» EXERCISE REQUIREMENTS: Make an exact copy of the entries, taking out every picture.
---
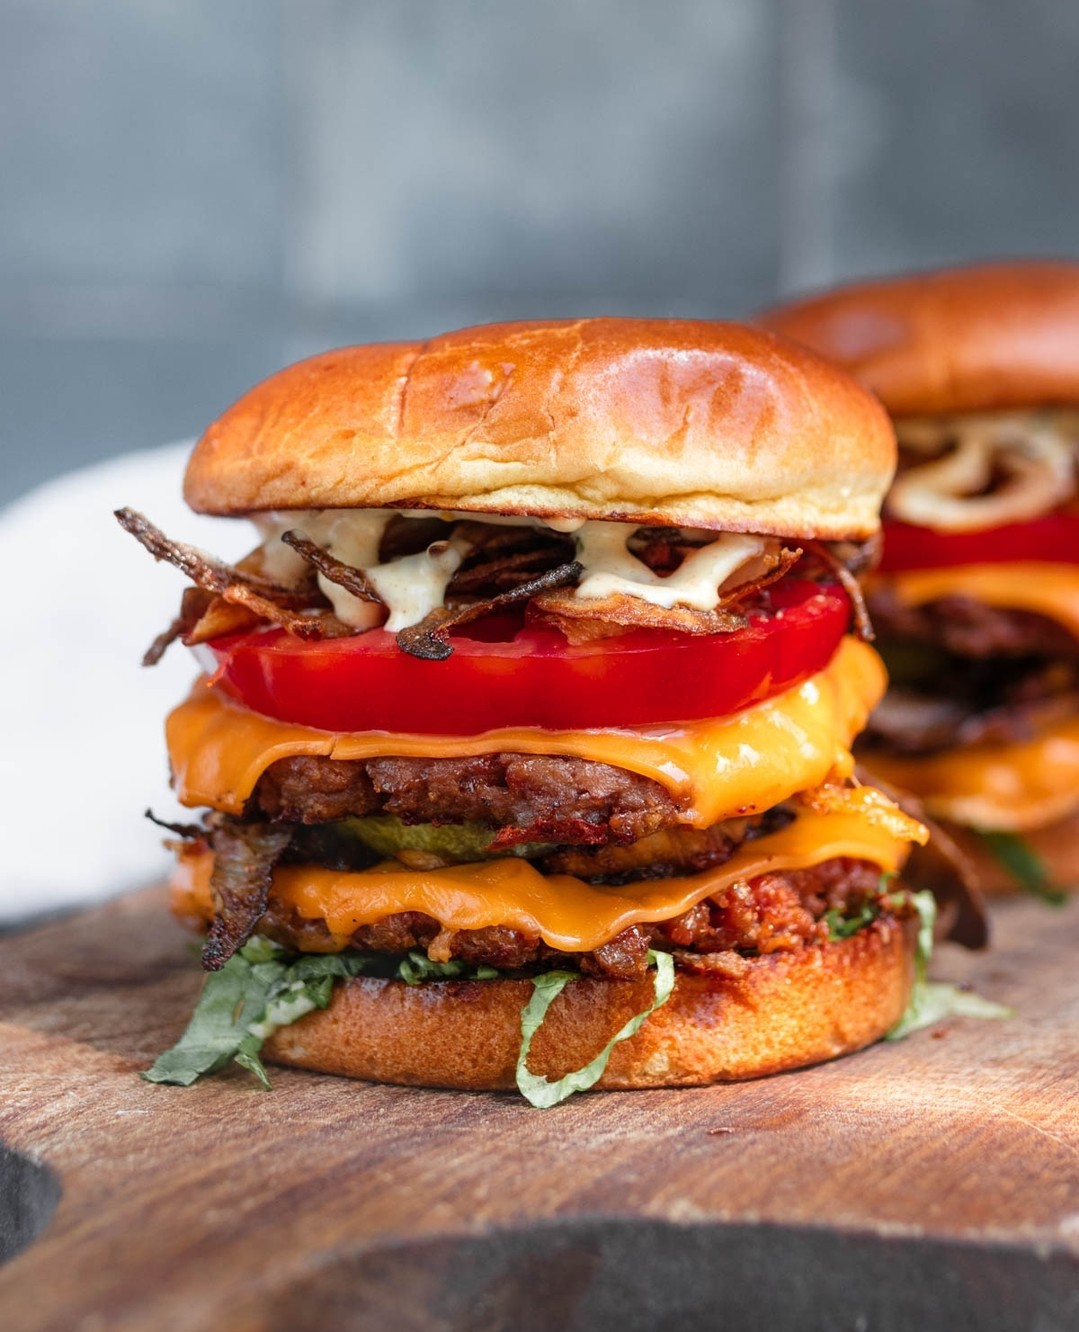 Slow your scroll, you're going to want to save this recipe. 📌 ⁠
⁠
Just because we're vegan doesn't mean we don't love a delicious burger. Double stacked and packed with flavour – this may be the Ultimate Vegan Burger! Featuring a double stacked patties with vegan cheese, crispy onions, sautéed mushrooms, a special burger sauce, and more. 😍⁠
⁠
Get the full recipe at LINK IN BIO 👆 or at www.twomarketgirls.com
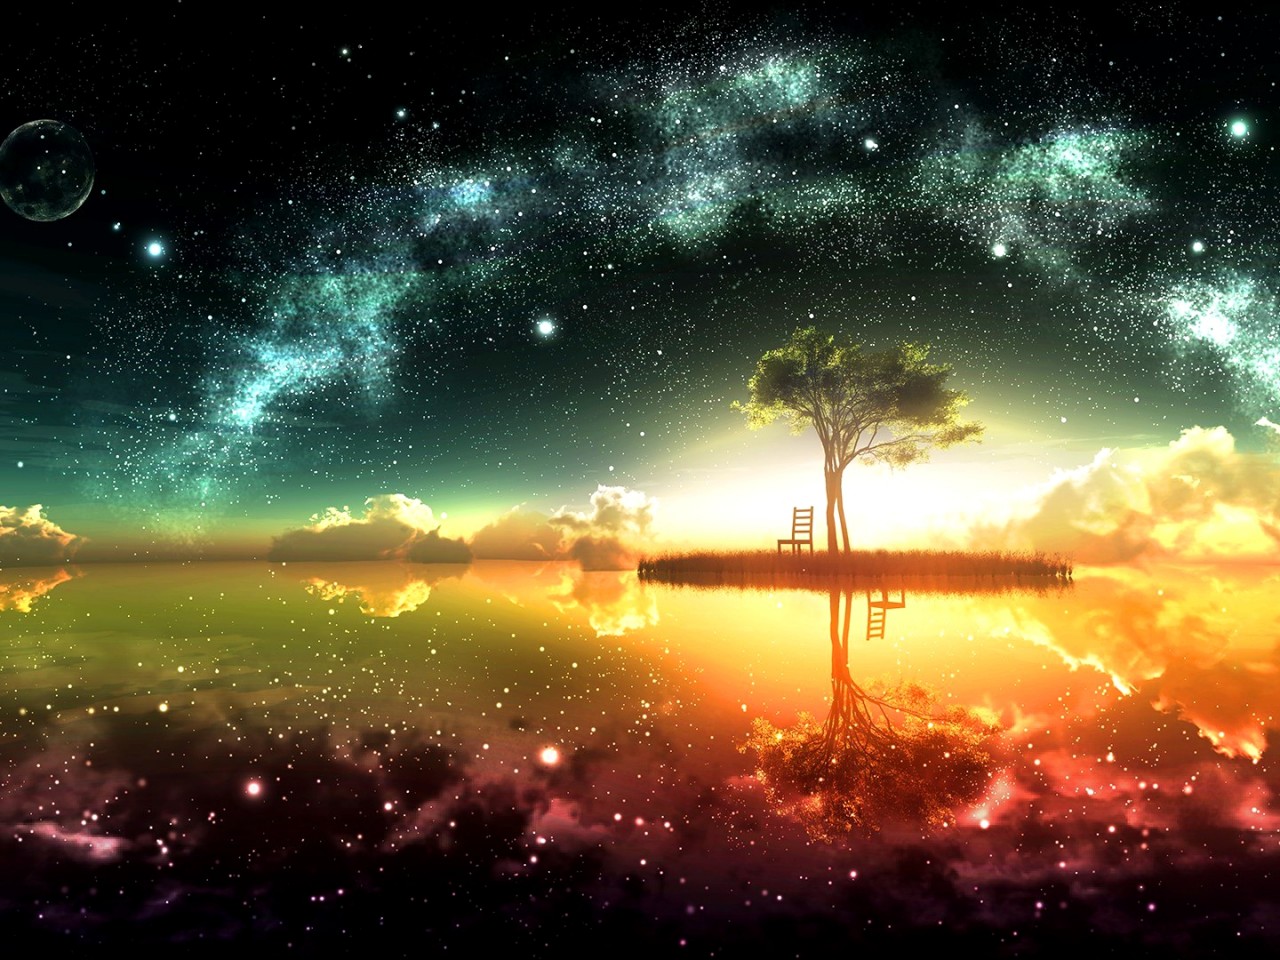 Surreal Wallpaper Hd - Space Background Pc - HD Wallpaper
---
» RESULT:
 Slow your scroll, you're going to want to save this recipe. 📌 ⁠
⁠
Just because we're vegan doesn't mean we don't love a delicious burger. Double stacked and packed with flavour – this may be the Ultimate Vegan Burger! Featuring a double stacked patties with vegan cheese, crispy onions, sautéed mushrooms, a special burger sauce, and more. 😍⁠
⁠
Get the full recipe at LINK IN BIO 👆 or at www.twomarketgirls.com
 Surreal Wallpaper Hd - Space Background Pc - HD Wallpaper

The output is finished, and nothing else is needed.